[Opening DATA UNDER STUDY section]

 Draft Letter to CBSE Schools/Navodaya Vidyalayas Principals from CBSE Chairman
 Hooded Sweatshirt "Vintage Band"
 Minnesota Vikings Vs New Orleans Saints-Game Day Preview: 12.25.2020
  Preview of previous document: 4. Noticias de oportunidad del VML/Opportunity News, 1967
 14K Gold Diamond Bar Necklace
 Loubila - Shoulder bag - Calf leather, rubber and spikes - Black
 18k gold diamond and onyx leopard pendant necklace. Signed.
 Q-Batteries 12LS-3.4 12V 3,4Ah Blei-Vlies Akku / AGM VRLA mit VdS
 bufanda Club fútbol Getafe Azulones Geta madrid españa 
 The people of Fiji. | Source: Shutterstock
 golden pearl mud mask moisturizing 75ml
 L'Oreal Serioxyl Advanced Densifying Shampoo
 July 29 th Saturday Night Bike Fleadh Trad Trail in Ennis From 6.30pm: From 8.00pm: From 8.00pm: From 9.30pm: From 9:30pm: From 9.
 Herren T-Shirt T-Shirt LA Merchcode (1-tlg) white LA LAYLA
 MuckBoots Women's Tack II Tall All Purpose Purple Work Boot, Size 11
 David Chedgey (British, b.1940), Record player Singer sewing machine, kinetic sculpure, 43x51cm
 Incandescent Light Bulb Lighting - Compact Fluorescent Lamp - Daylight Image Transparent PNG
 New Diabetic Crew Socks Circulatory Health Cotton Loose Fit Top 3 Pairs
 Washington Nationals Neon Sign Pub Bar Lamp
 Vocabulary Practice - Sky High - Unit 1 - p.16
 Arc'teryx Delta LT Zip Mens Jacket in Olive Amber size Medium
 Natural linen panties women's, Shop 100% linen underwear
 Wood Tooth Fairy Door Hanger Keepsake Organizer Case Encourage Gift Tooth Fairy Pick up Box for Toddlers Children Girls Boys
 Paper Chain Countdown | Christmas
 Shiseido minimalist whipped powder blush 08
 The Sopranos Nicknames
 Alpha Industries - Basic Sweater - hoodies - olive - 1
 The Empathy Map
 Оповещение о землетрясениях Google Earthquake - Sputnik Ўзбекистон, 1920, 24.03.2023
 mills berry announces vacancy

[Closing DATA UNDER STUDY section]

A word-for-word restatement of the lines running from the one with "The Empathy Map" to the last line of the records is the whole answer.

_YOUR RESPONSE_
 The Empathy Map
 Оповещение о землетрясениях Google Earthquake - Sputnik Ўзбекистон, 1920, 24.03.2023
 mills berry announces vacancy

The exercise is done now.